Developing a Disaster Recovery Planning Checklist
When disaster strikes, businesses stand to permanently lose assets and information. However, businesses that maintain a robust Disaster Recovery Plan can limit the resulting loss and damage. If this seems obvious, you might think that every business maintains a disaster recovery plan. That would be a faulty assumption.
Many businesses operate without a robust disaster recovery plan and some have no disaster recovery plan in place. Reasons for not maintaining a disaster recovery plan range from not believing the risk is high enough to warrant the expense, to not understanding how to develop a disaster recovery plan.
In this post, we will not attempt to persuade you about the potential consequences of not having a disaster recovery plan in place. You can read about that in a CIS blog post Disaster Recovery and Business Continuity. Instead, we will provide you with a stepwise guide, which will help you understand how to develop and implement an economic and robust disaster recovery plan.
NOTE: Diverse companies, across a wide range of industries and operating scenarios, use similar procedures for developing disaster recovery plans. In this post, however, we focus only on data protection and recovery of IT infrastructure and information assets, as they apply to any business, regardless of industry.
1. Perform Risk Assessment
Consistent with NIST/FISMA guidelines for the protection of information assets, we recommend conducting a risk assessment as a means of identifying risks, controls, and mitigations. Effectiveness of a Disaster Recovery Plan depends on a robust risk assessment.

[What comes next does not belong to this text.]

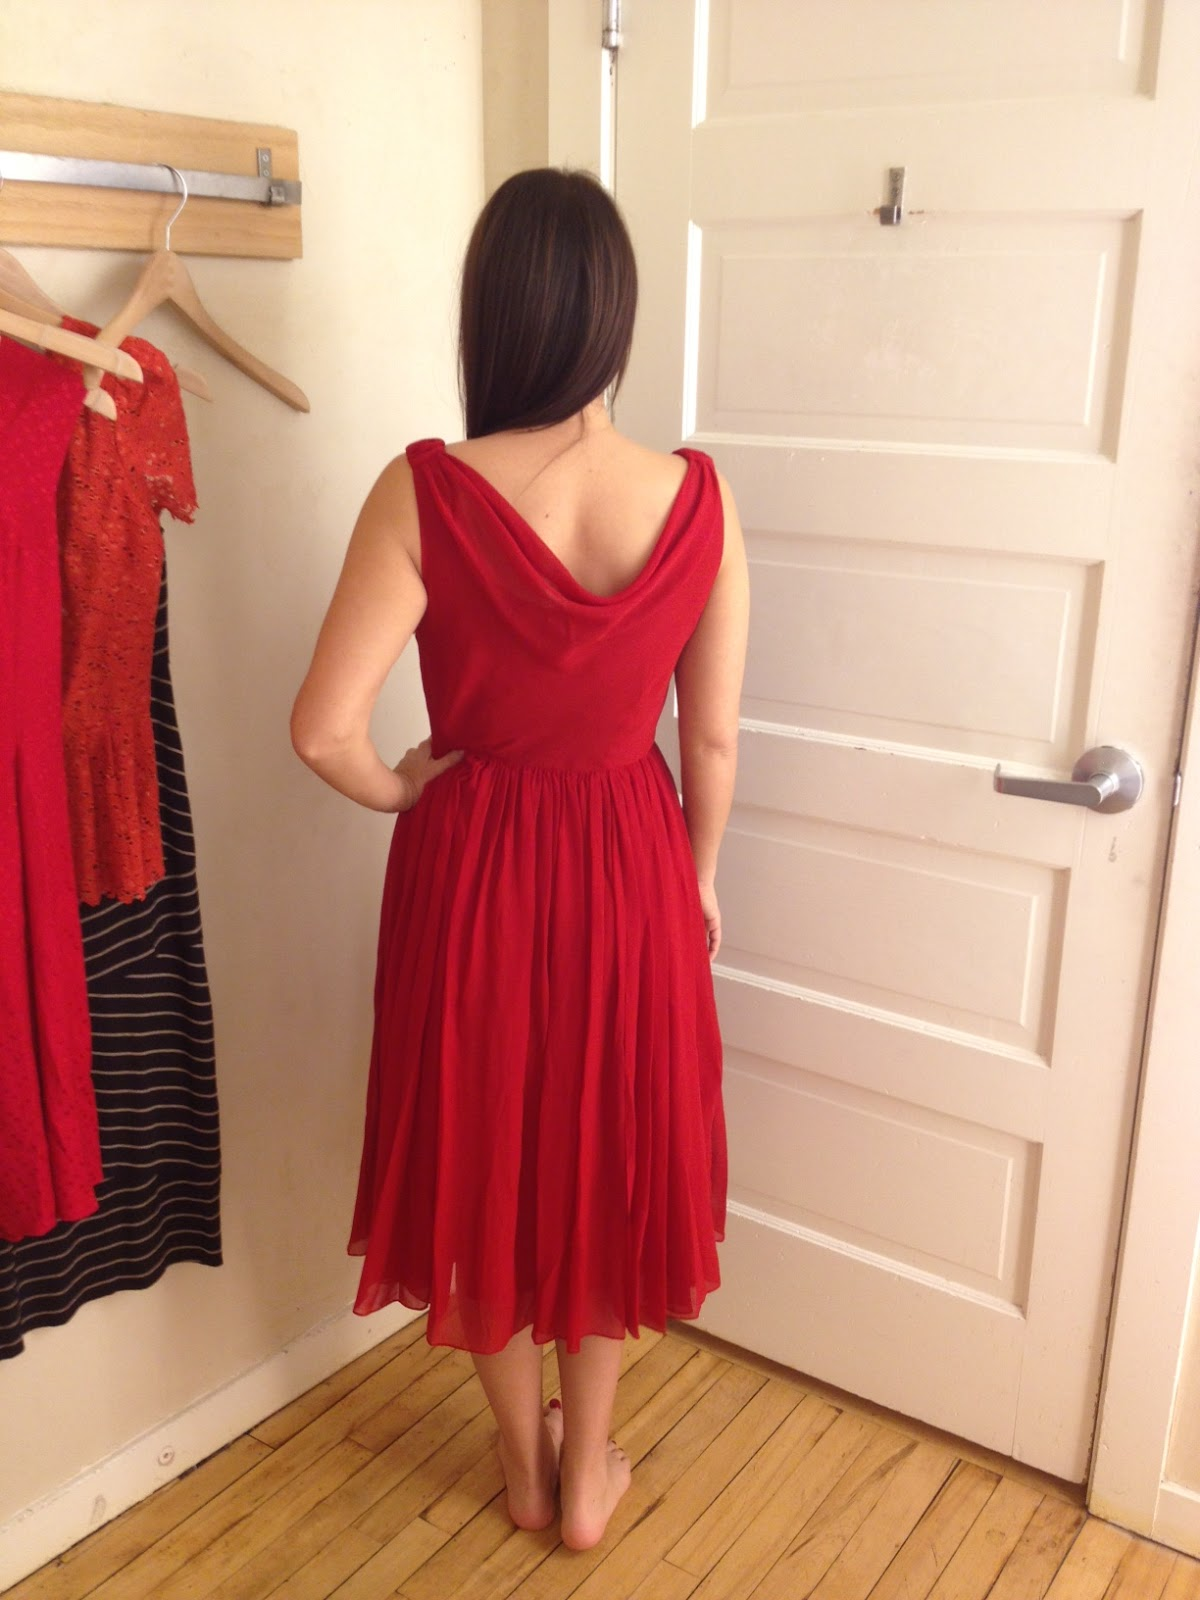 Moulinette Soeurs Gracia Dress Style 23277072 Color Red 060 Price 248 Length Regular 42 25 Pee 40 Pros Ruched Neckline

In the first step of a risk assessment, we identify hazards that, if not contained, have the potential to cause harm. Additionally, we define the potential consequences of the uncontrolled release of the hazard. Next, we identify controls in place to contain the hazards. Finally, we identify threats that jeopardize the effectiveness of the controls.

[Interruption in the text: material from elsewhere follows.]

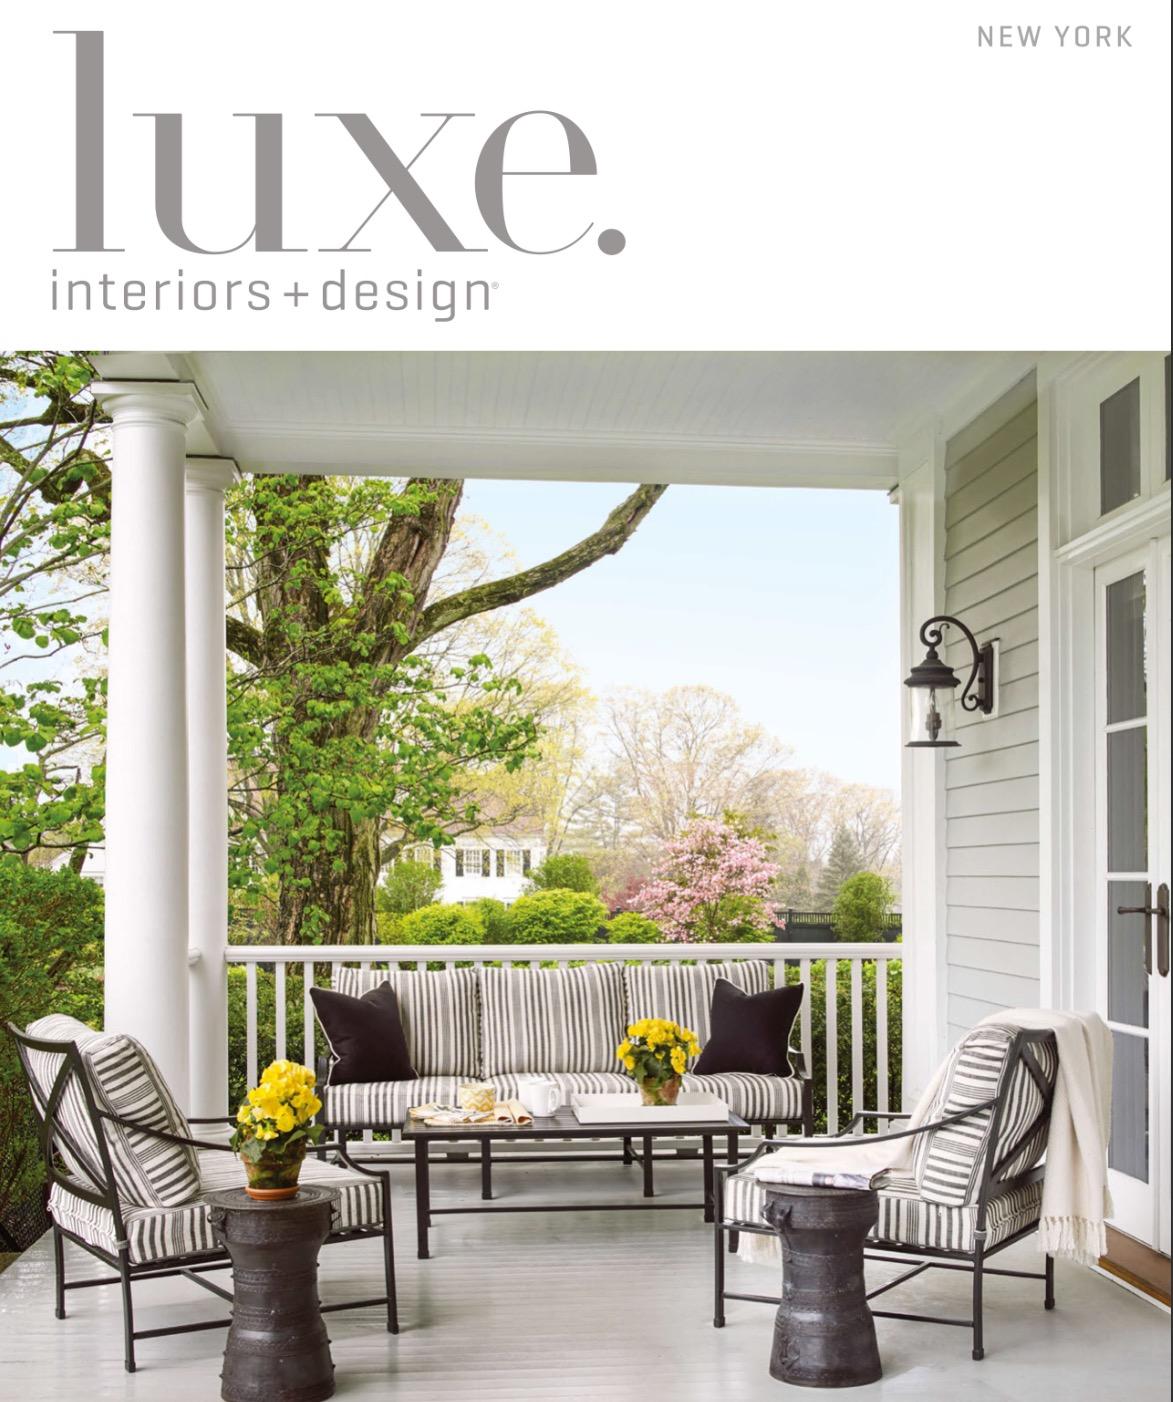 Luxe interiors design stewart schafer for Luxe furniture and design

Below we provide some considerations for risk assessment applied specifically to averting potential data and information loss due to a disaster, and to assist the development of a data recovery plan.
Identify Hazards – We can group hazards into two main categories, including naturally occurring hazards and man-made hazards. Naturally occurring hazards include damaging events such as hurricanes, tornados, or floods. Man-made hazards can include events such as fire, or a ransomware attack. Exposure to any of these hazards can result in a disastrous loss of data and information.
Define Controls – We attempt to contain hazards by putting controls in place that will limit exposure sufficiently to eliminate damage. Controls for limiting exposure to natural hazards may include offsite data backup to a location deemed safe, or isolated from the hazard. Controls for limiting exposure to man-made hazards may include cybersecurity controls firewalls, AV/AM scanning, employee training, etc.
Identify Threats to Controls – Rarely should we consider controls 100% effective, because threats can jeopardize the effectiveness of controls. For example, hackers finding ways around firewalls represents a threat to firewalls as control of unwanted entry to a computer network.
Assess Risk – We can rate risk based on a combination of the severity of consequences and probability of occurrence. Typical risk severity ranking categories include acceptable, tolerable, undesirable, and intolerable. Similarly, a typical probability of occurrence categories includes improbable, possible, and probable. Assessment of risk in this manner facilitates decision making on the level of protection to deploy.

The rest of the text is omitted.